Sulla gentilézza

La gentilezza mi evoca l’immagine di una piuma che lieve e decisa accarezza la pelle e la sensazione piacevole di questo tocco morbido e liscio che ne consegue.

La gentilezza tocca…tocca l’anima, il cuore, la pancia…se ci lasciamo toccare da essa.

La natura etimologica della parola gentilezza è complessa. Tra le varie accezioni, può essere fatta risalire al latino “gens”. La gens era la formazione familiare dell’antica Roma, all’interno della quale si mantenevano rapporti di cura, assistenza e difesa. Friedrich Engels riporta tra le caratteristiche di una gens il “Dovere reciproco dei membri della gens di difendersi e soccorrersi.” (L’origine della famiglia, della proprietà privata e dello Stato – Friedrich Engels , 1884).

La gentilezza favorisce l’incontro con l’Altro racchiudendo in se l’accoglienza, l’assenza di giudizio ed il rispetto.

Essere gentile non vuole dire essere educato. L’educazione va con delle regole strutturate in base al contesto, e le regole strettamente applicate non forniscono contatto e calore, sono fredde. Essere gentile non vuole dire essere “indulgenti” nei confronti di chi si impone con aggressività. La gentilezza ha ben presente i suoi confini e non ha bisogno di imporsi per farli rispettare, essi sono flessibili per accogliere ma allo stesso tempo contengono. La gentilezza non depotenzia un’azione ma la sostiene e la fortifica bonificandola dall’ aggressività.

Essere gentili con gli altri ci apre alla relazione e ci consente di stare con l’Altro in un modo più fluido…se è ciò che si vuole.
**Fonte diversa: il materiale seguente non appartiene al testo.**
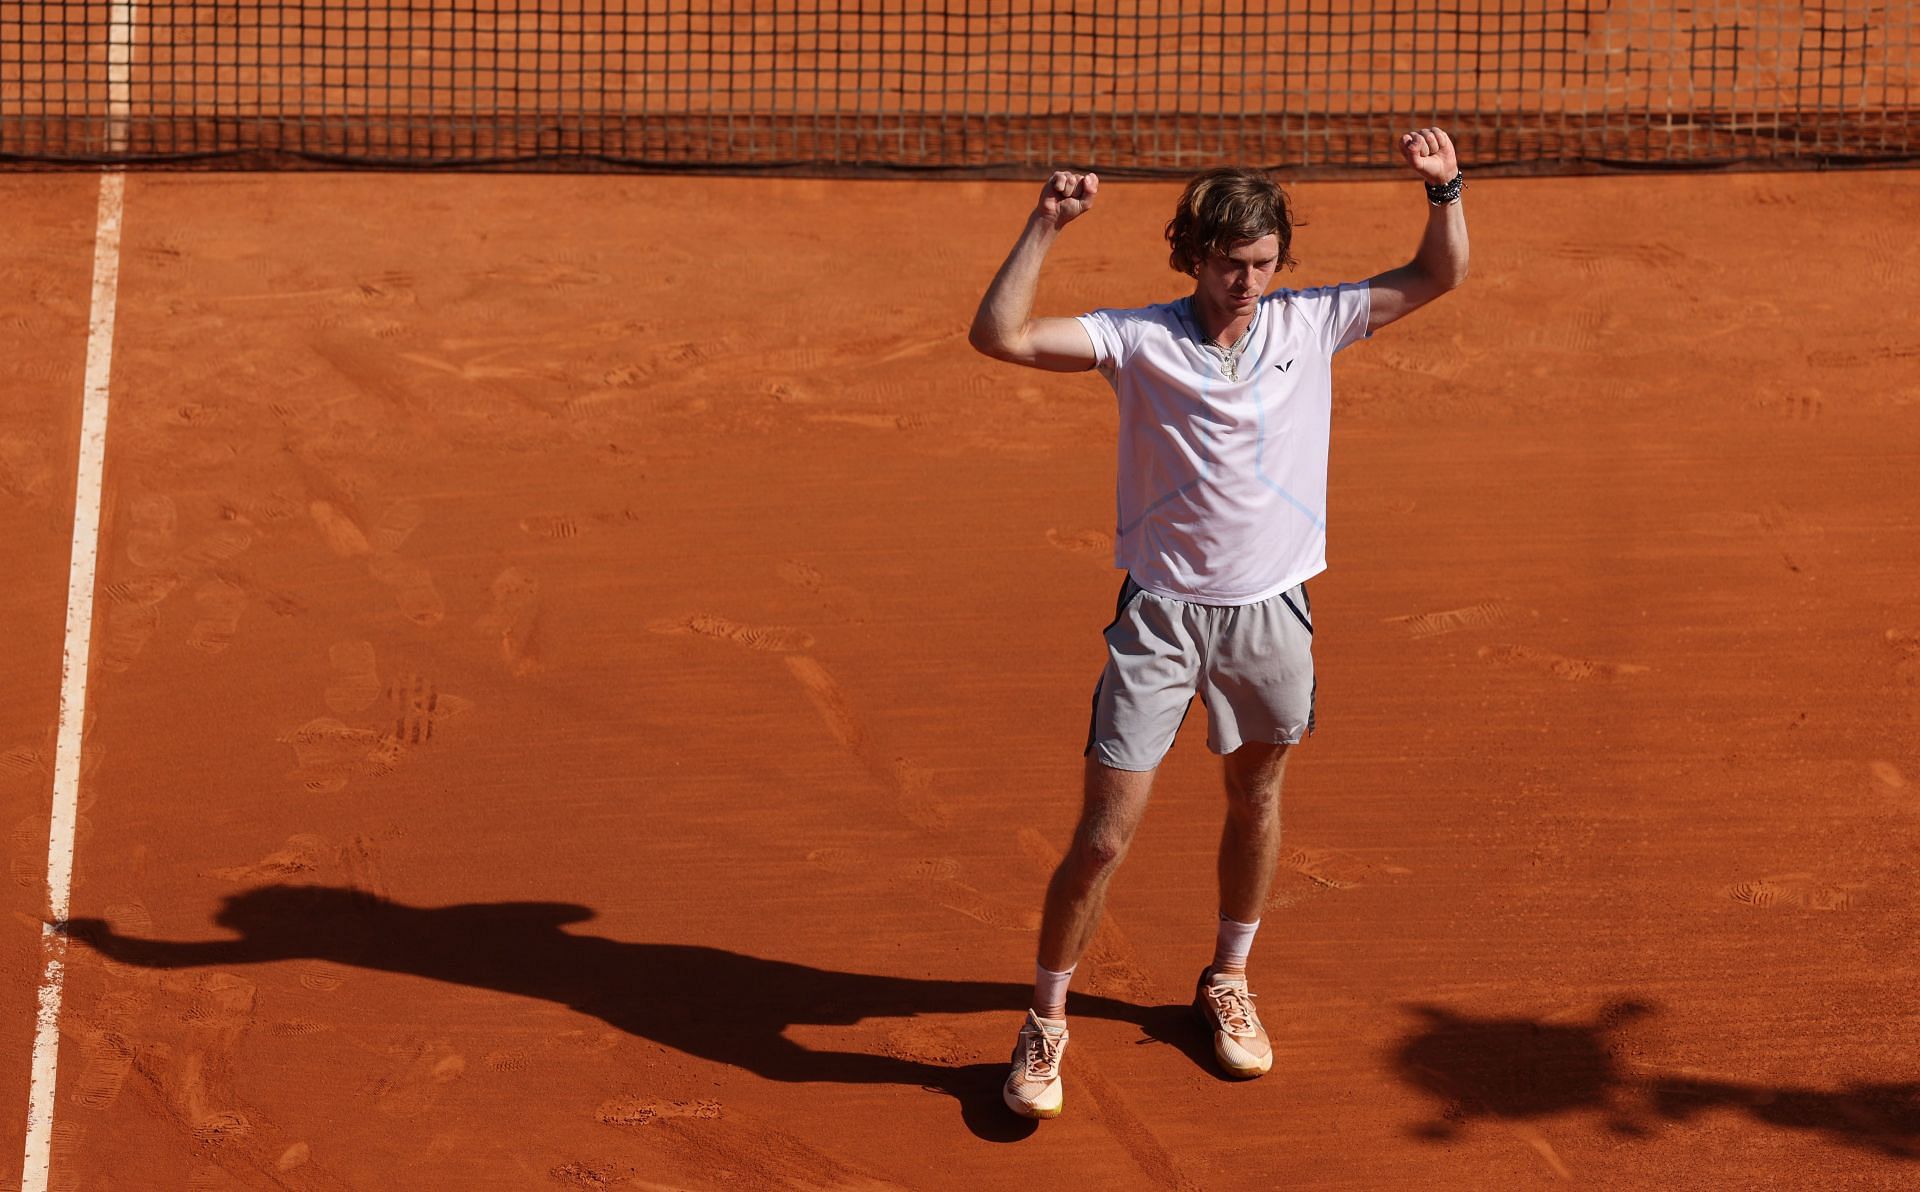 Andrey Rublev at the Rolex Monte-Carlo Masters - Day Three

Infatti non è detto che se incontriamo qualcuno che si pone in modo gentile con noi, spontaneamente saremo portati a ricambiare con altrettanta gentilezza. Potrebbero paradossalmente attivarsi in noi atteggiamenti opposti, aggressivi, sgradevoli o di svalutazione. Ciò potrebbe accadere perché potremmo essere noi a non riuscire a sostenere questi atti gentili. Se siamo abituati a non avere toni gentili con noi stessi, se crediamo che per “funzionare bene” abbiamo bisogno di maltrattarci, giudicarci, svalutarci. Se non abbiamo dentro di noi il ricordo di occhi che ci guardano con gentilezza. Se sentiamo di non meritare di essere trattati in maniera gentile. Se quindi non abbiamo interiorizzato la gentilezza potremmo non essere in grado di riconoscerla, sostenerla e soprattutto ricambiarla.

La gentilezza parte prima da noi per noi stessi. Ci consente di fare ciò che gli appartenenti ad una “gens” facevano per i propri familiari per noi stessi: prenderci cura, assisterci e difenderci.

È la gentilezza verso di noi che può consentirci di guardare alle nostre fragilità con calore ed accoglierle come parti di noi e farci sentire interi.

Ed è la gentilezza verso gli altri che può aprirci alla relazione e predisporre sia noi che l’Altro all’incontro favorendo un clima emotivo piacevole.

Quando avremo imparato a farlo con noi stessi, sapremo anche riconoscere ed accogliere quando un gesto gentile ci arriva dall’Altro.

In questo momento storico in cui la pandemia da COVID – 19 ci ha portato all’aumento della distanza dall’Altro, sia dal punto di vista fisico che di occasioni di incontro ed esperienze da condividere, gli atti di gentilezza, al pari di una carezza, possono dare calore e farci sentire toccati anche se il corpo non viene raggiunto.

Le mascherine che indossiamo quotidianamente coprono una parte del viso e possono rendere meno fluida la sintonizzazione con l’Altro. Incontrare uno sguardo gentile, al pari di un abbraccio o di tante parole, può farci sentire il piacere dell’incontro, che siano occhi a noi noti o di uno sconosciuto. Può farci sentire che l’Altro non è solo colui da cui devo proteggermi o devo proteggere dal contagio. Con l’Altro possiamo sostenere situazioni emotivamente complesse come l’attuale, e godere dei bei momenti.

La gentilezza ci suggerisce che facciamo tutti parte della stessa “gens”.

Infine la gentilezza non si limita alla relazione con noi stessi e con l’Altro, ma può investire tutto ciò che ci circonda ed ogni atto di gentilezza che compiamo verso l’esterno riverbera in noi con note piacevoli.

Quindi la prossima volta che arriverà una carezza lieve come una piuma dall’Altro saprò lasciarmi toccare?